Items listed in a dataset
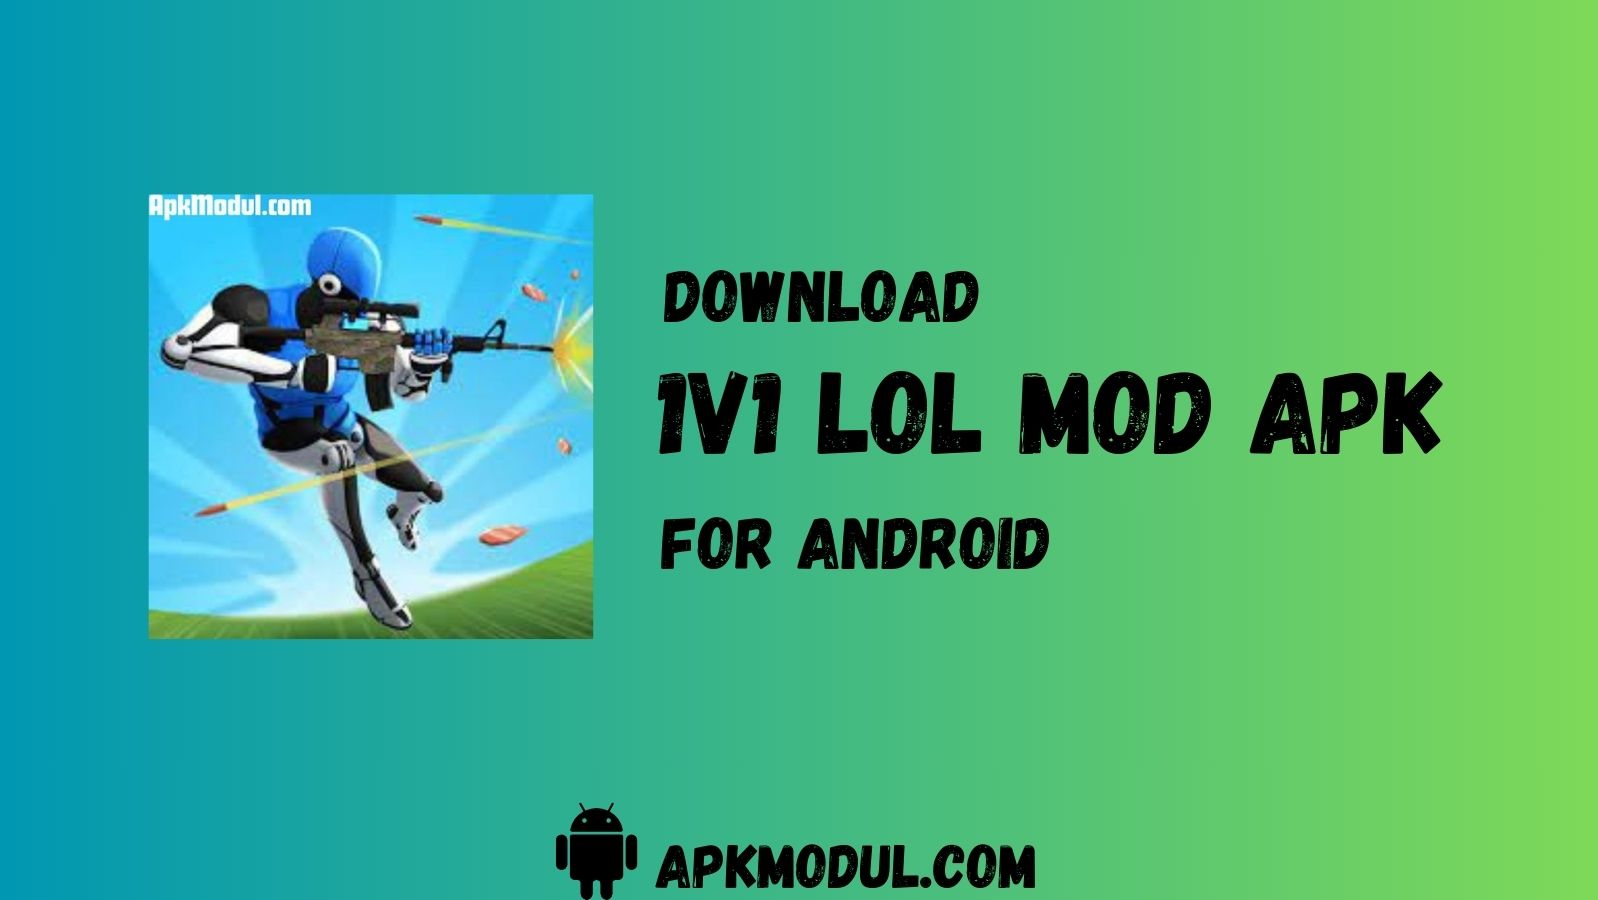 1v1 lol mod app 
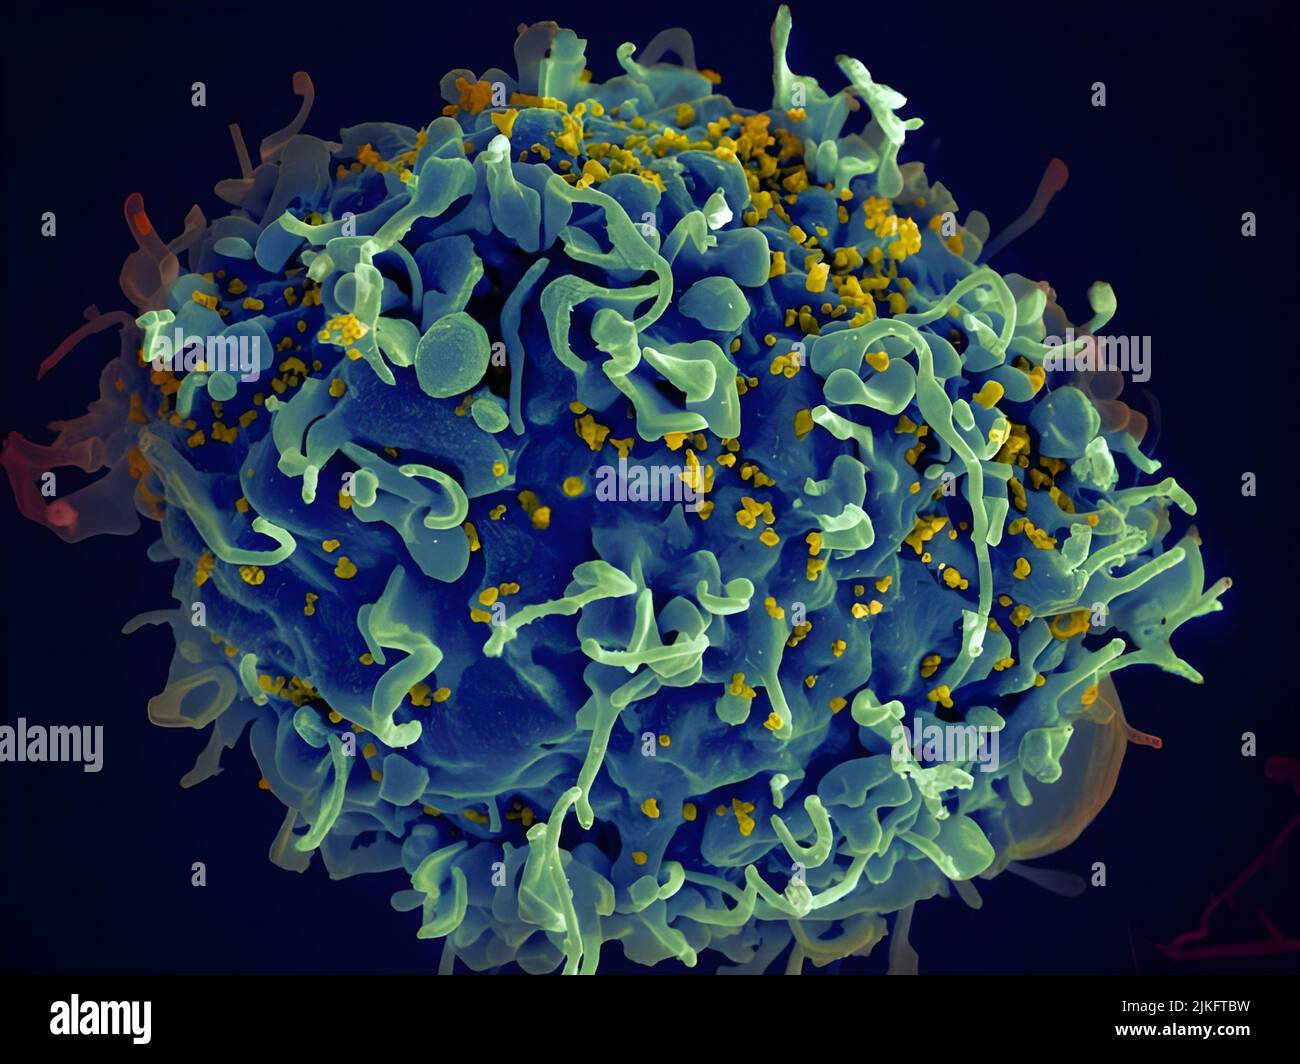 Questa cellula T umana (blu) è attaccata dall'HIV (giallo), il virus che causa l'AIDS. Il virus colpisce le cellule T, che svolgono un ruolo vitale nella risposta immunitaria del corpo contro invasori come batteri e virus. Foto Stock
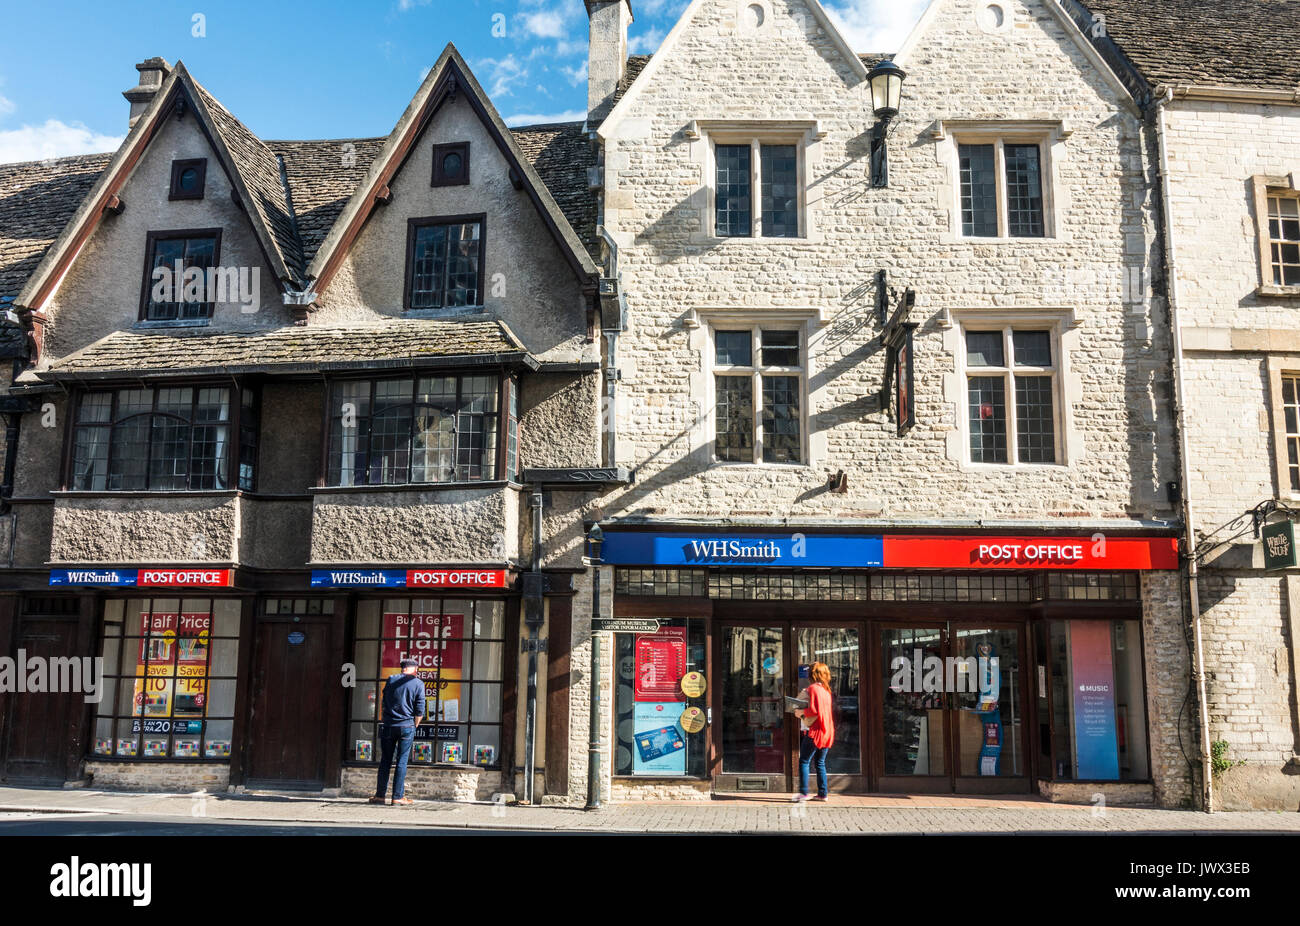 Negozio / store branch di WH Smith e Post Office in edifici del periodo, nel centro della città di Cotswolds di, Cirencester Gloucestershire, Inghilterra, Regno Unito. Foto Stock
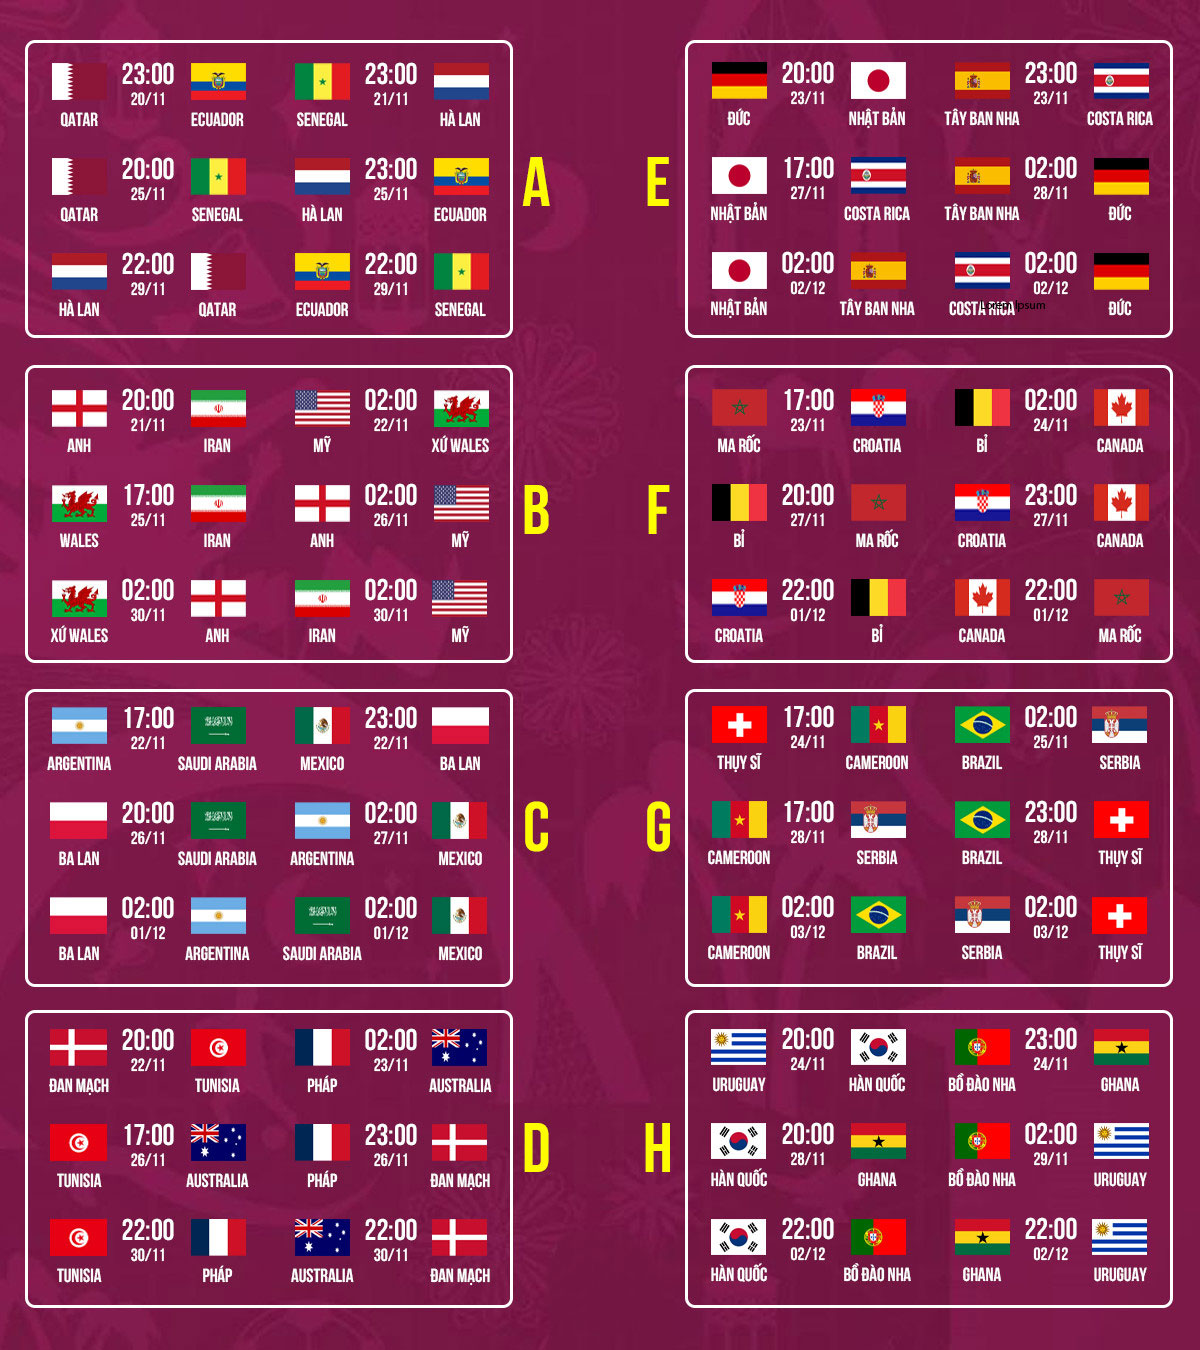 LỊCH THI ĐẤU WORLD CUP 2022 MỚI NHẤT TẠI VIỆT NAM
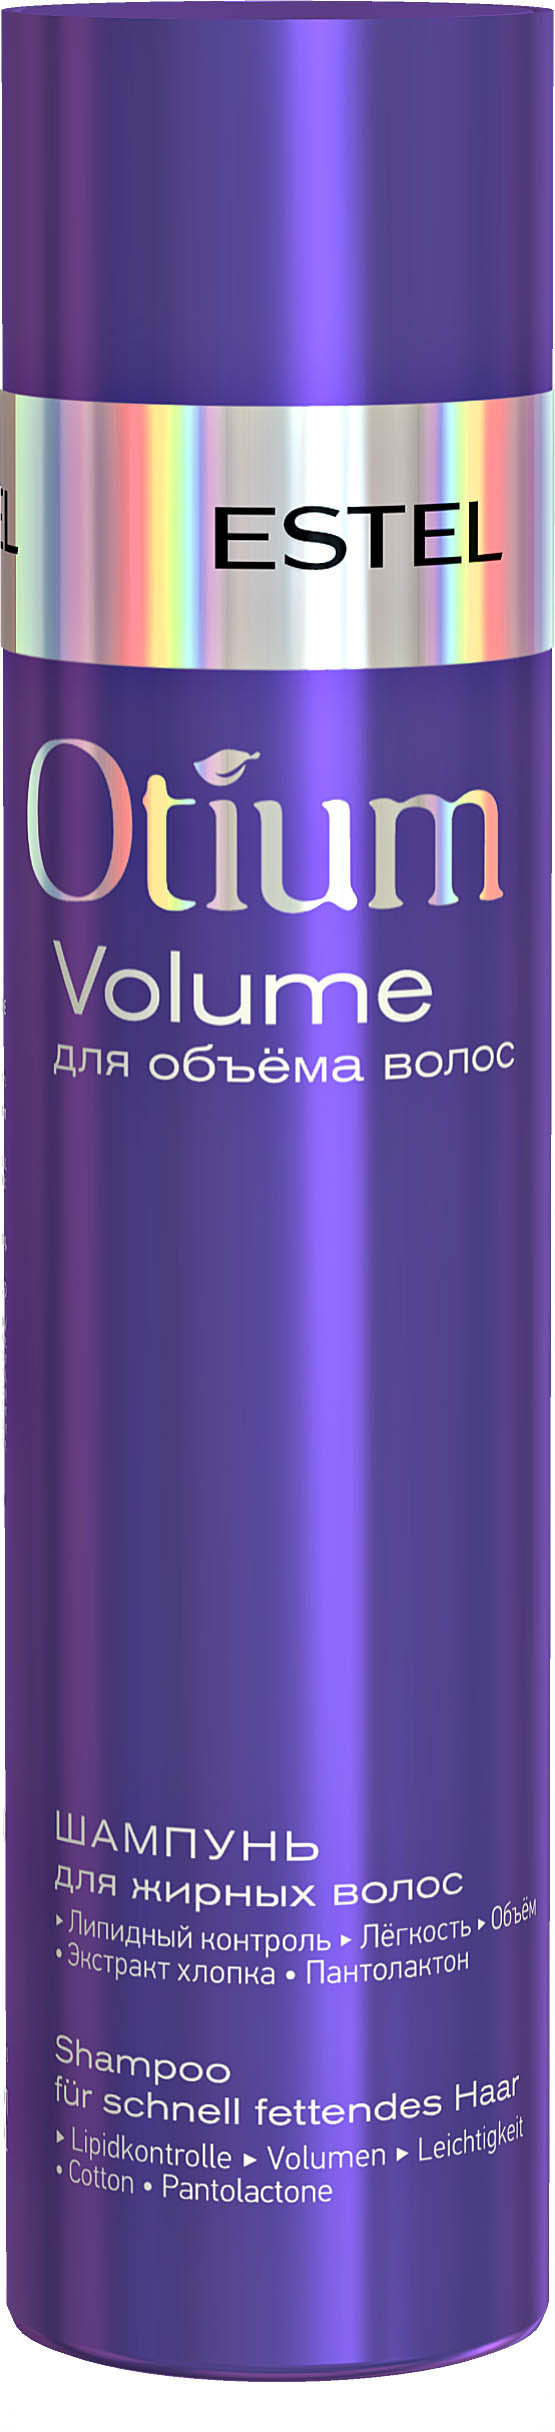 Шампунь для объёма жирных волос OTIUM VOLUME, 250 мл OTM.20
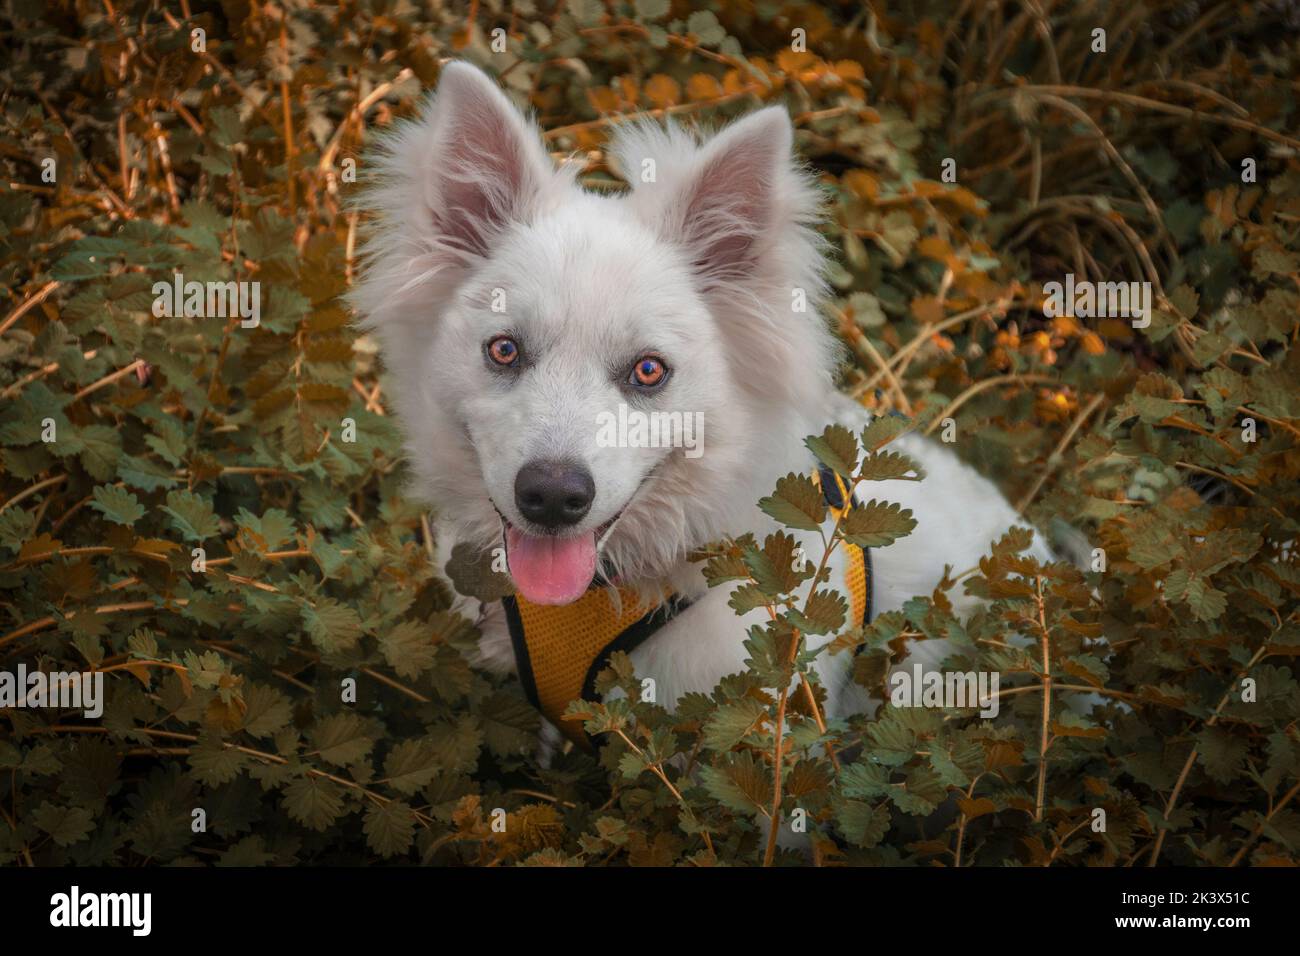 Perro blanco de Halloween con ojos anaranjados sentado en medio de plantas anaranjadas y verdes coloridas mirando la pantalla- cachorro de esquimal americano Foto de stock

#### [Your objective]
Write the entries above out again exactly, but not the pictures.

#### [The completed task]
 1v1 lol mod app 
 Questa cellula T umana (blu) è attaccata dall'HIV (giallo), il virus che causa l'AIDS. Il virus colpisce le cellule T, che svolgono un ruolo vitale nella risposta immunitaria del corpo contro invasori come batteri e virus. Foto Stock
 Negozio / store branch di WH Smith e Post Office in edifici del periodo, nel centro della città di Cotswolds di, Cirencester Gloucestershire, Inghilterra, Regno Unito. Foto Stock
 LỊCH THI ĐẤU WORLD CUP 2022 MỚI NHẤT TẠI VIỆT NAM
 Шампунь для объёма жирных волос OTIUM VOLUME, 250 мл OTM.20
 Perro blanco de Halloween con ojos anaranjados sentado en medio de plantas anaranjadas y verdes coloridas mirando la pantalla- cachorro de esquimal americano Foto de stock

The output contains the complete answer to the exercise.